Summit Engineering uses three-dimensional laser scanning for all sorts of projects across the country. It's a small gadget, called the Skandit, that mounts on the top of a tripod. Within minutes, the device begins to rotate, scanning and photographing everything in sight -- recording millions of data points every second.

"Once we get the laser data and the photo data, we can marry the two and create a 3-D color image of millions and millions of points," said Summit principal and vice president, Brian Balls.

Once we get the laser data and the photo data, we can marry the two and create a 3-D color image of millions and millions of points.

–Brian Balls

Summit Engineering is one of a handful of companies now offering 3D Laser services for its clients.

The Skandit was used to make images of a section of the San Juan River in southeastern Utah.
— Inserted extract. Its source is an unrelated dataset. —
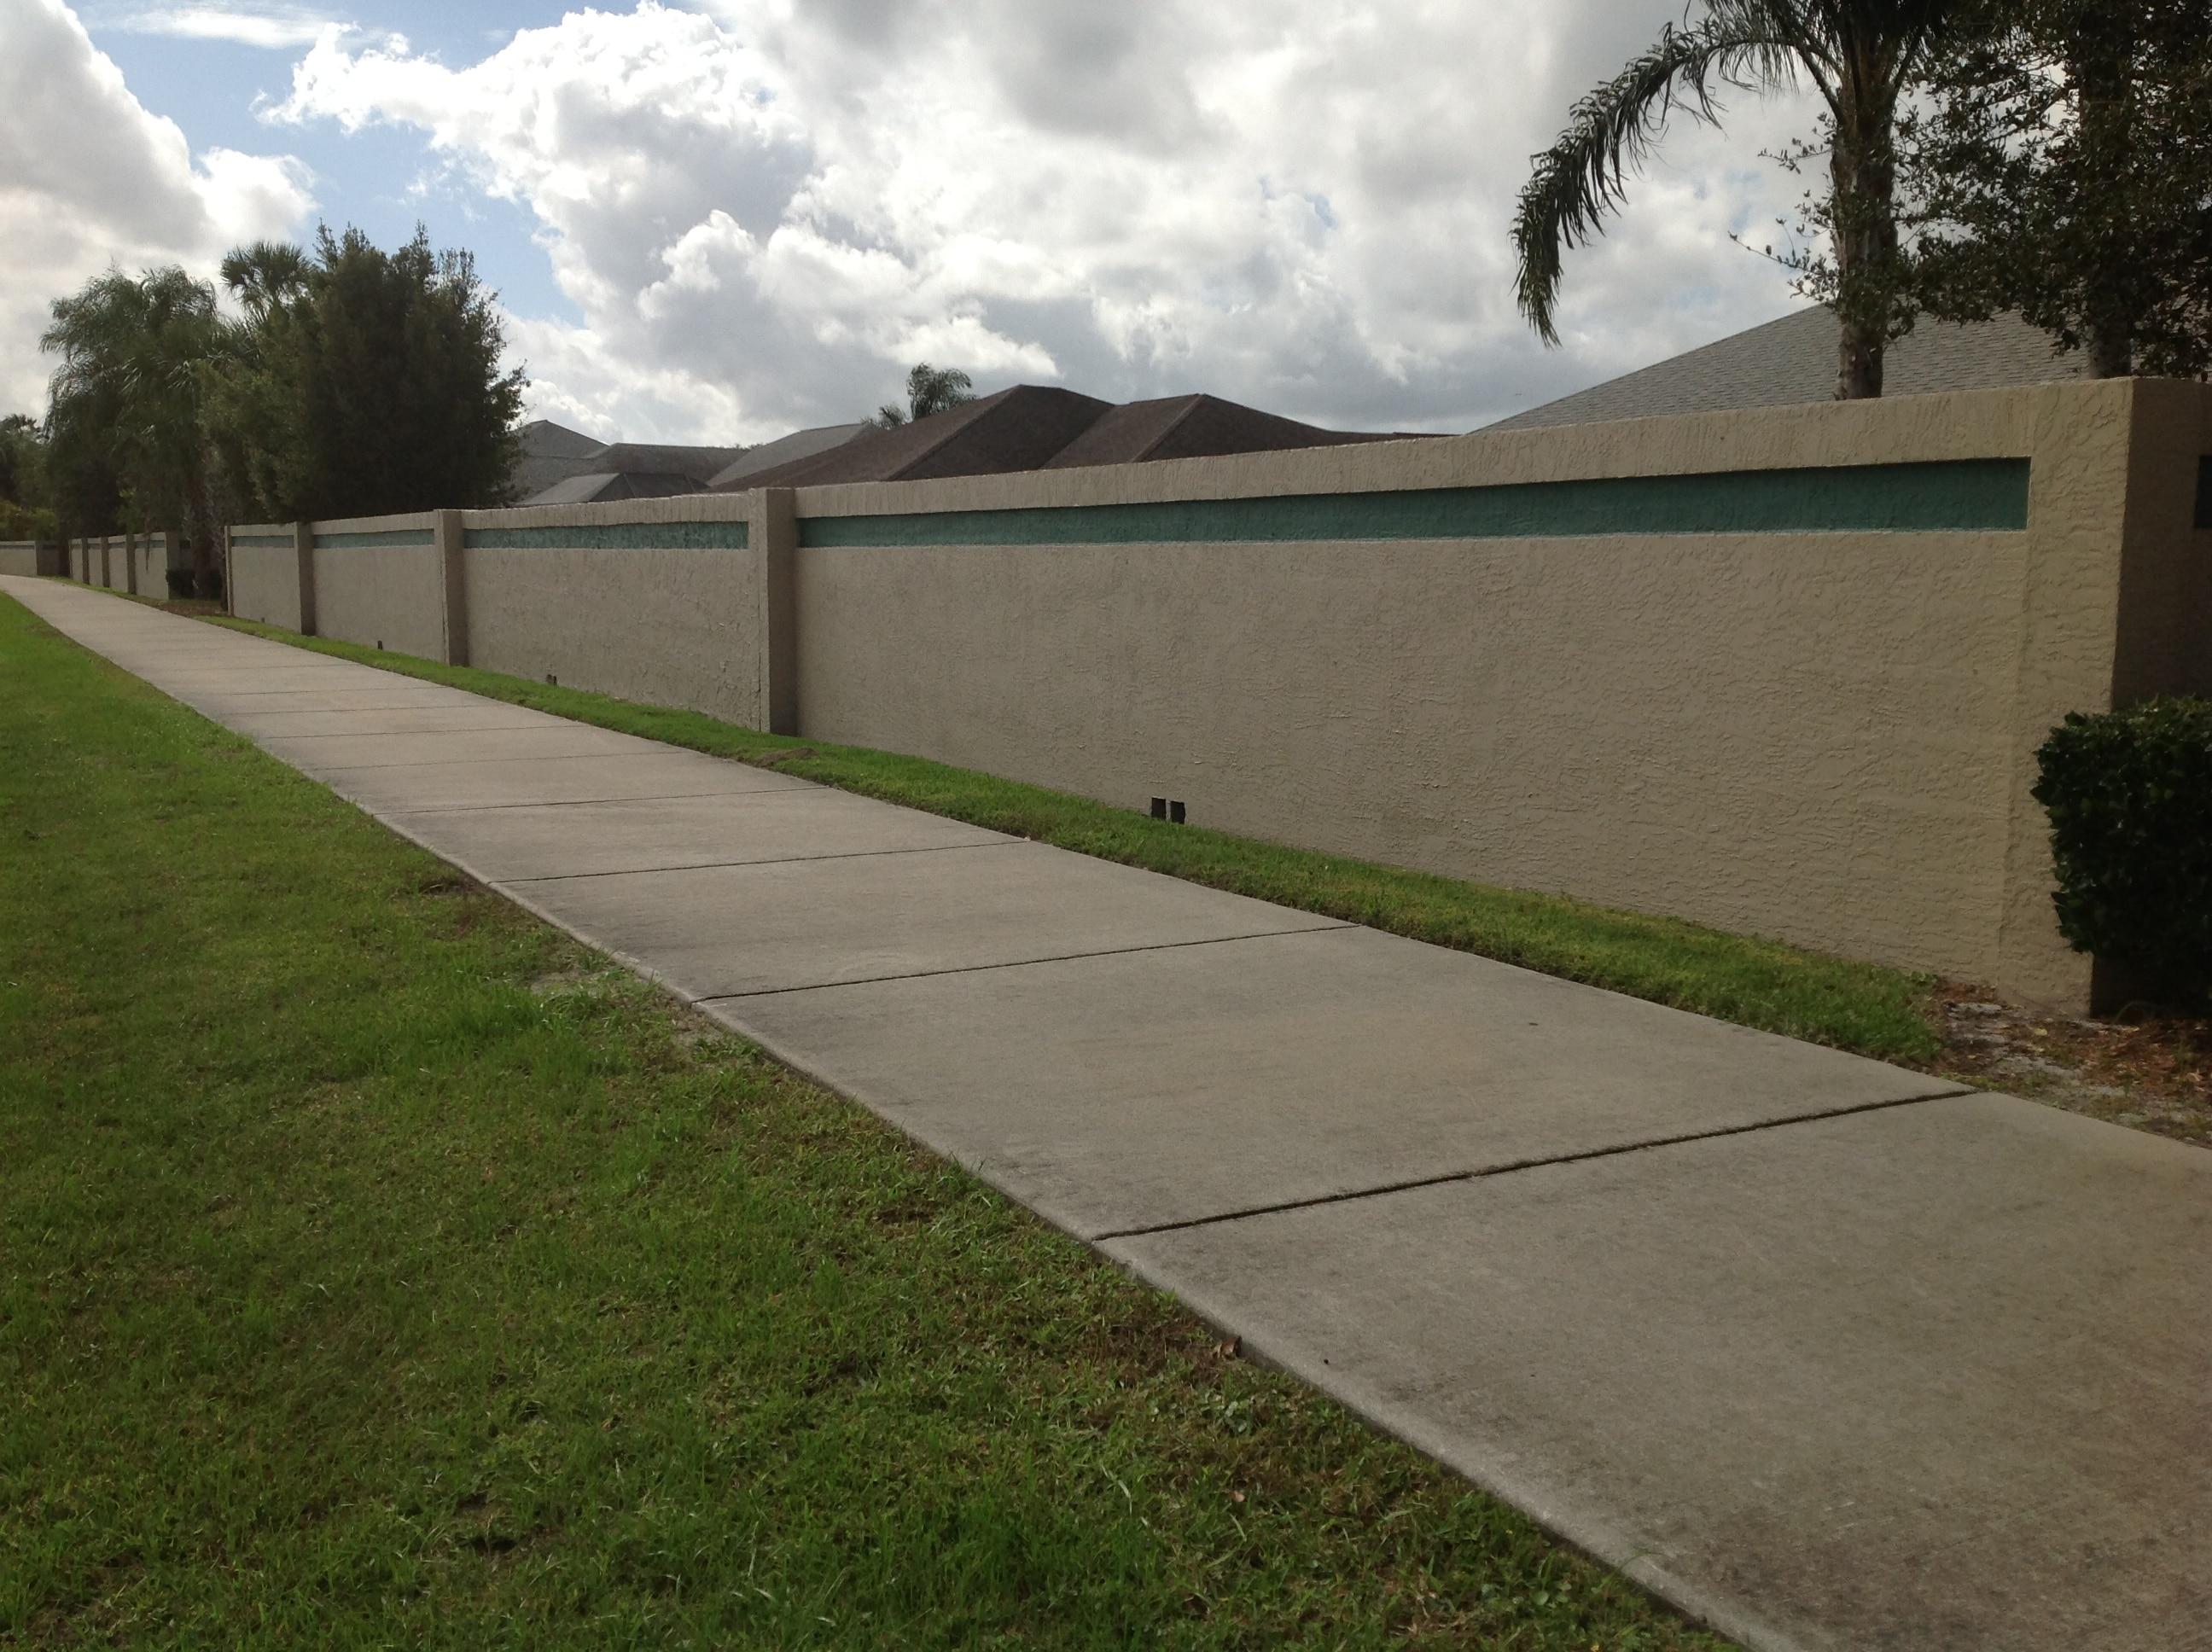 Driveway Concrete Repair Patio Concrete Repair

Geology students are studying the rock layers on those cliffs for potential energy resources.

"They're going to take this data and use it and study it to find and hopefully develop better ways to mine natural gas out of these rocks," said Balls.

At the site of the Provo Tabernacle, which burned two years ago, LDS historians knew the foundation of the original building was still buried. After it was located and excavated, the 3D scanner was brought in and produced these images. Knowing that the old foundation would be removed to make way for the new temple, these pictures now preserve the history of the site.

"We went in and scanned every detail of that foundation so when it had to be removed, we now have a digital record of exactly what it looked like," said Balls. "We could actually put it back, stone for stone, if we had to."

These finished images are very convenient for the clients. If the geologists, for example, need more information about the San Juan site, they don't have to return to the remote area -- it's all right there on a computer screen.

Law enforcement agencies are also using this technology for accident reconstruction. By scanning this vehicle and measuring the crushed metal, it can be determined how fast the oncoming car was moving when the collision occurred.

Other sites that Summit has scanned include a pipeline repair project in Mississippi, where the scanner was used to make sure all measurements are exact, down to a millimeter. Summit also scanned and preserved a huge Fremont Indian ruin site near Goshen, Utah after its discovery.

"I think as time goes on, we're going to see applications that we never thought about being able to be utilized," said Balls.

Summit Engineering has been in Heber City since 2001, providing engineering and surveying services to clients around the country.